▶ **Given information**

-*-

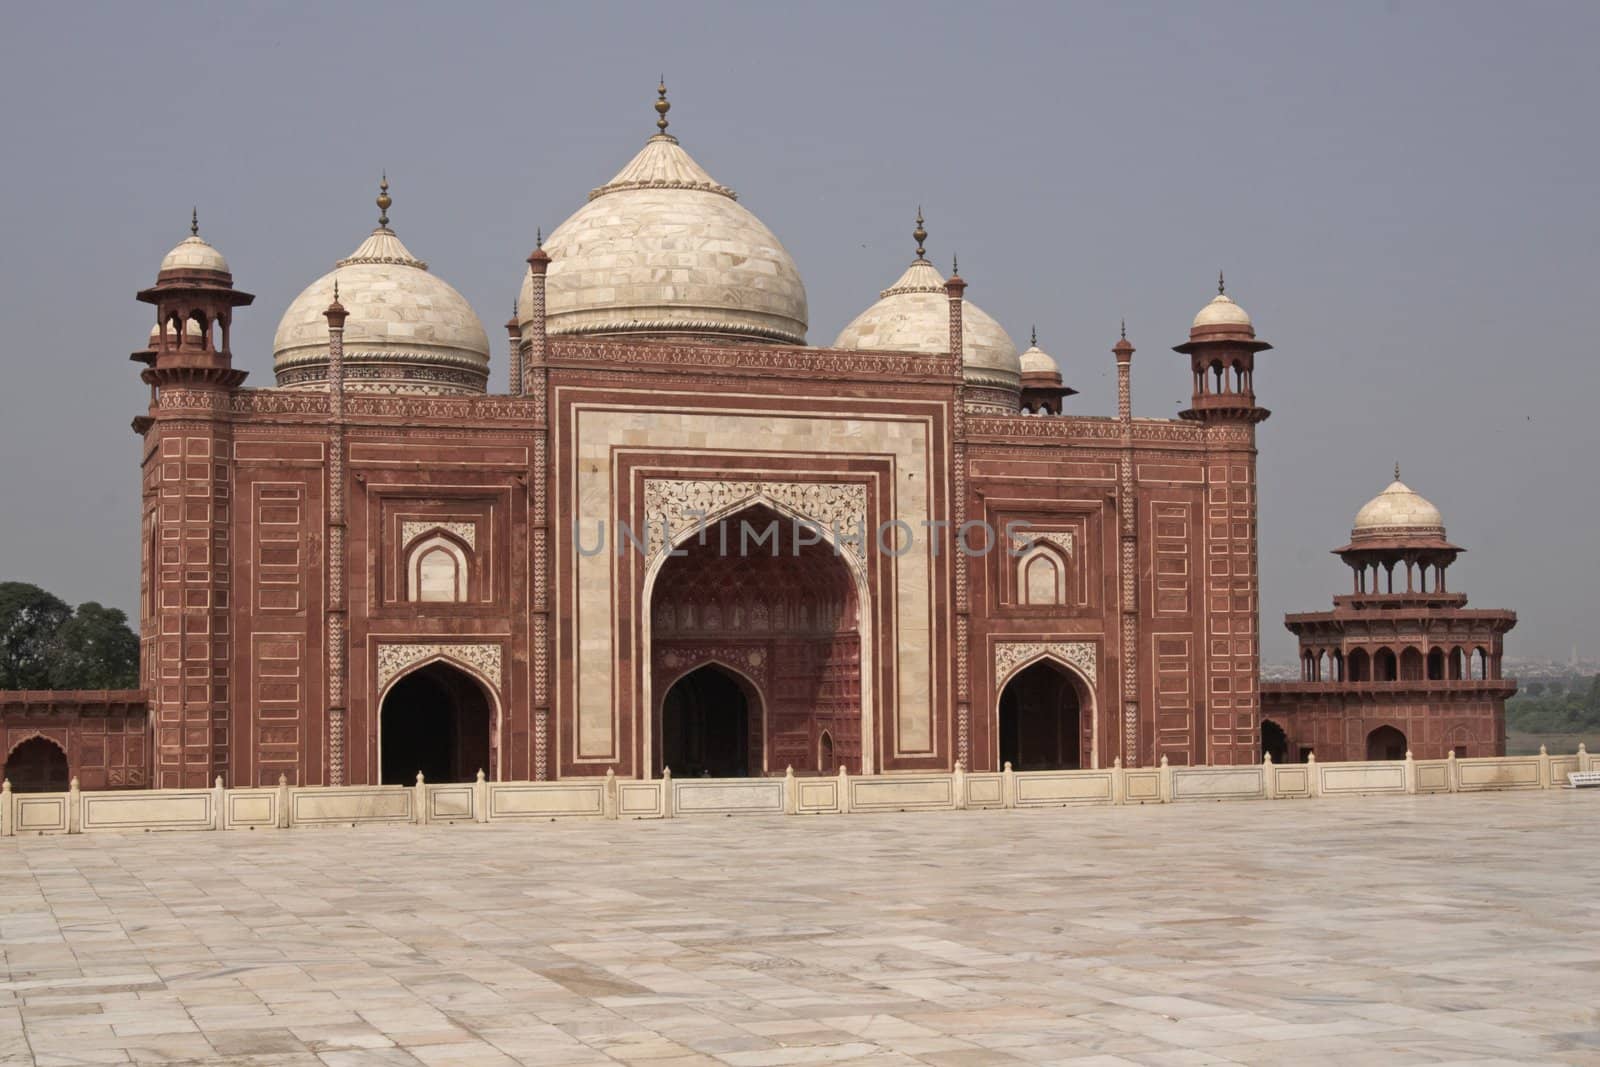 Mosque at the Taj Mahal by JeremyRichards
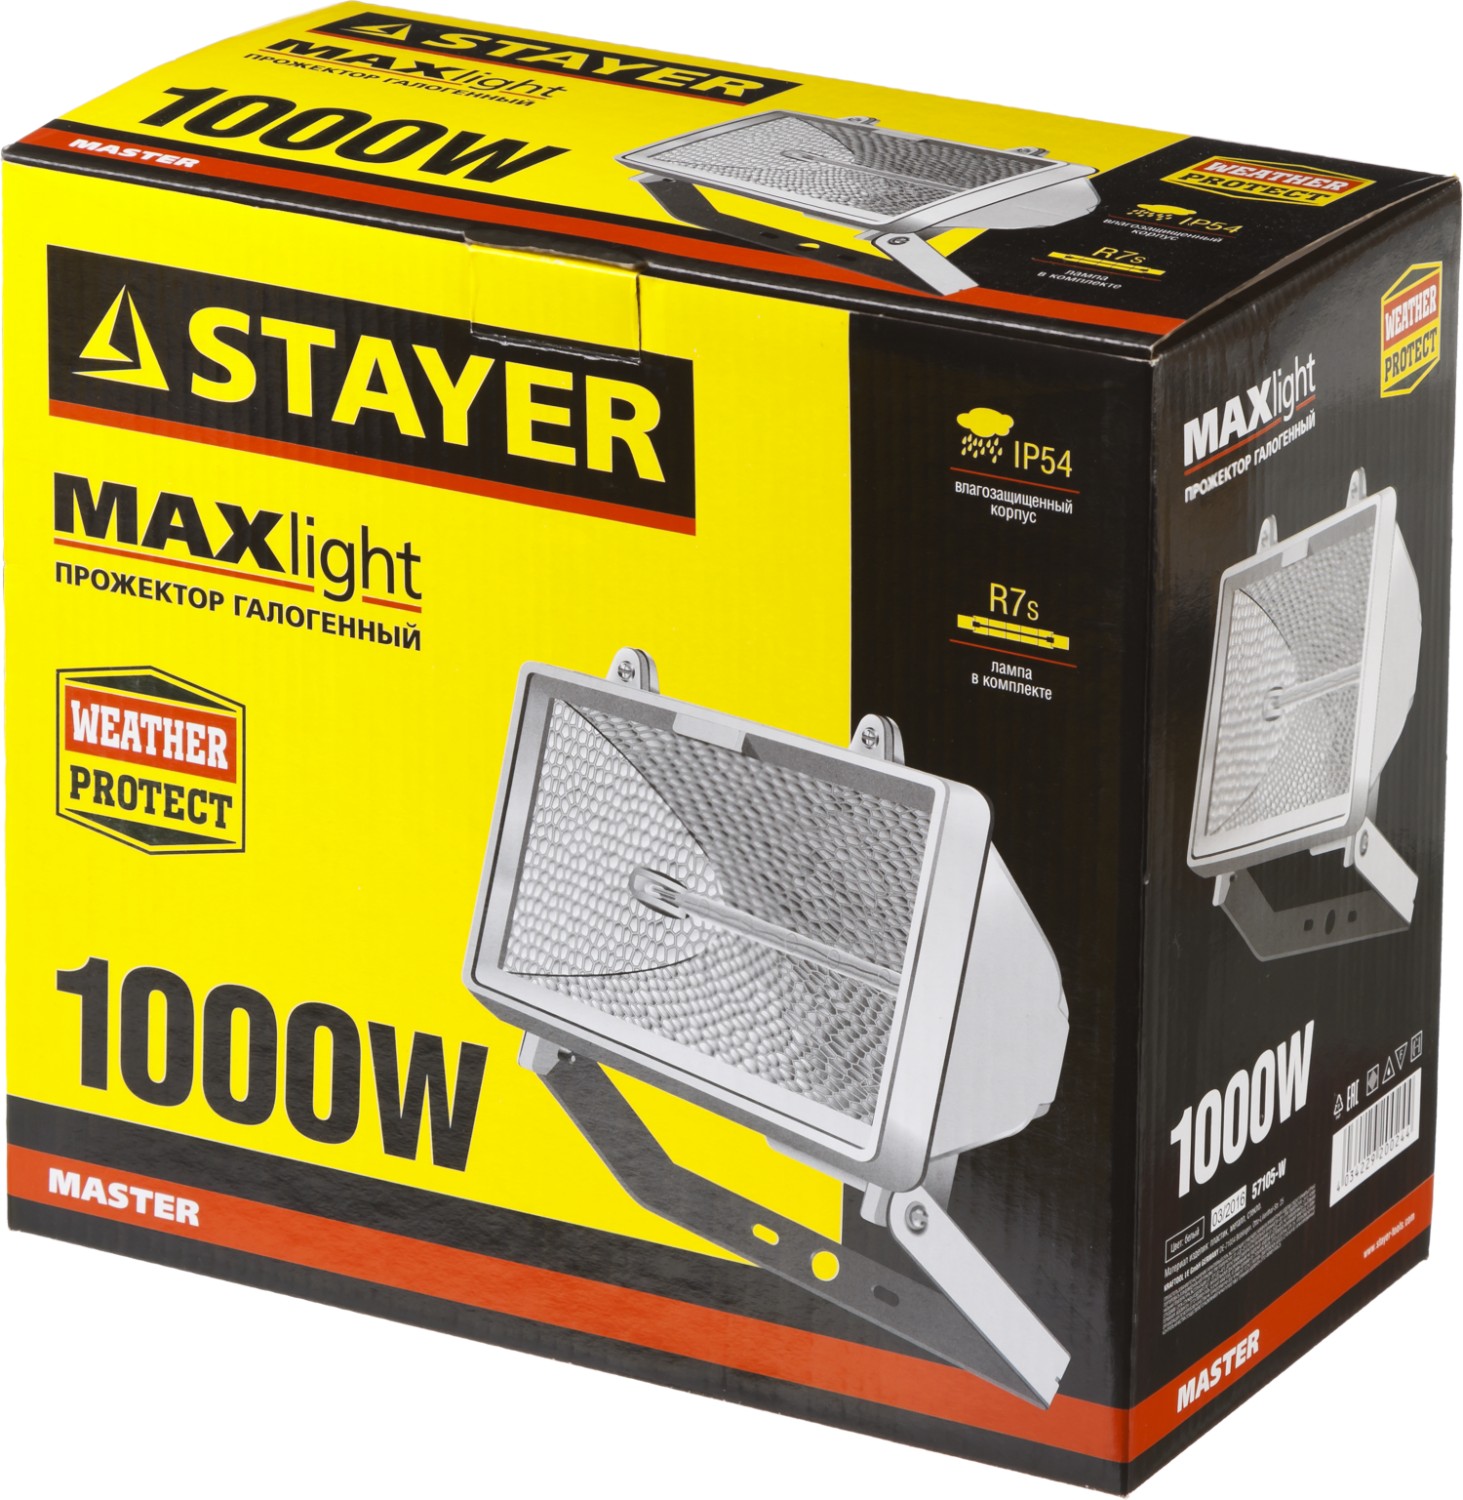 STAYER MAXLight прожектор 1000 Вт галогенный, белый
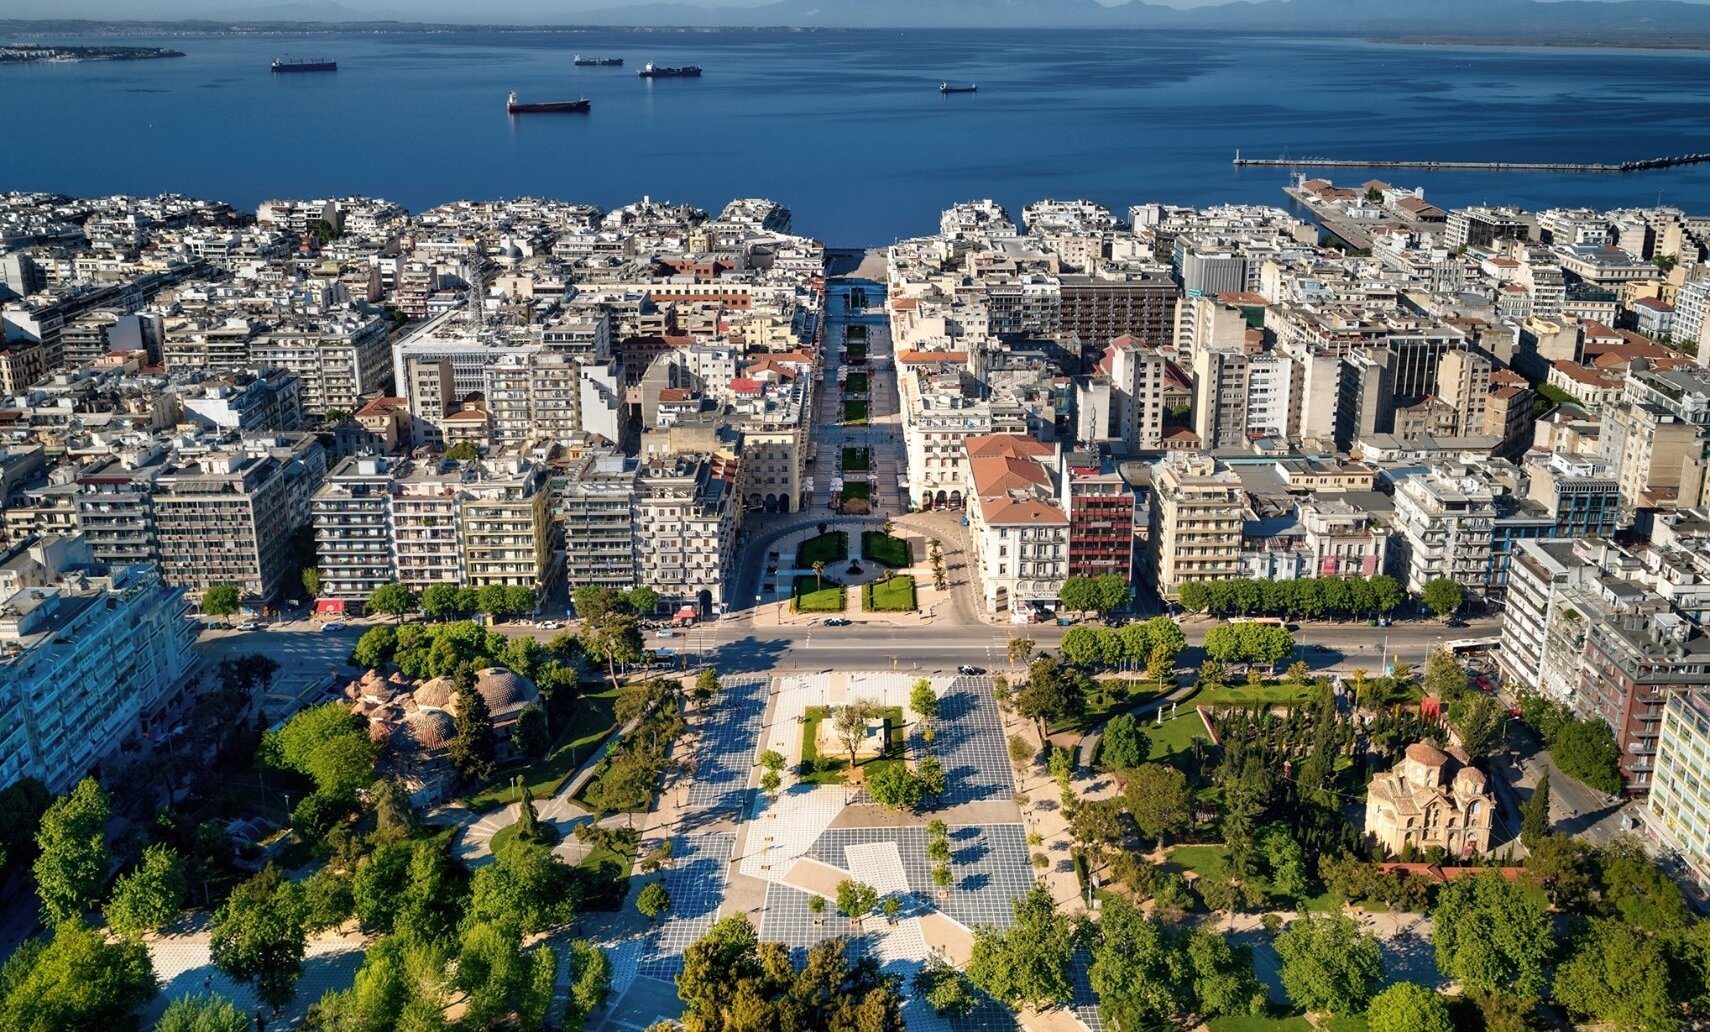 More information about "Οι μετρήσεις μείωσης της ατμοσφαιρικής ρύπανσης στη Θεσσαλονίκη την περίοδο των περιοριστικών μέτρων"

-*-

▶ **What you are asked to do**
Repeat the listing above exactly, with no pictures.

▶ **Finished task**
 Mosque at the Taj Mahal by JeremyRichards
 STAYER MAXLight прожектор 1000 Вт галогенный, белый
 More information about "Οι μετρήσεις μείωσης της ατμοσφαιρικής ρύπανσης στη Θεσσαλονίκη την περίοδο των περιοριστικών μέτρων"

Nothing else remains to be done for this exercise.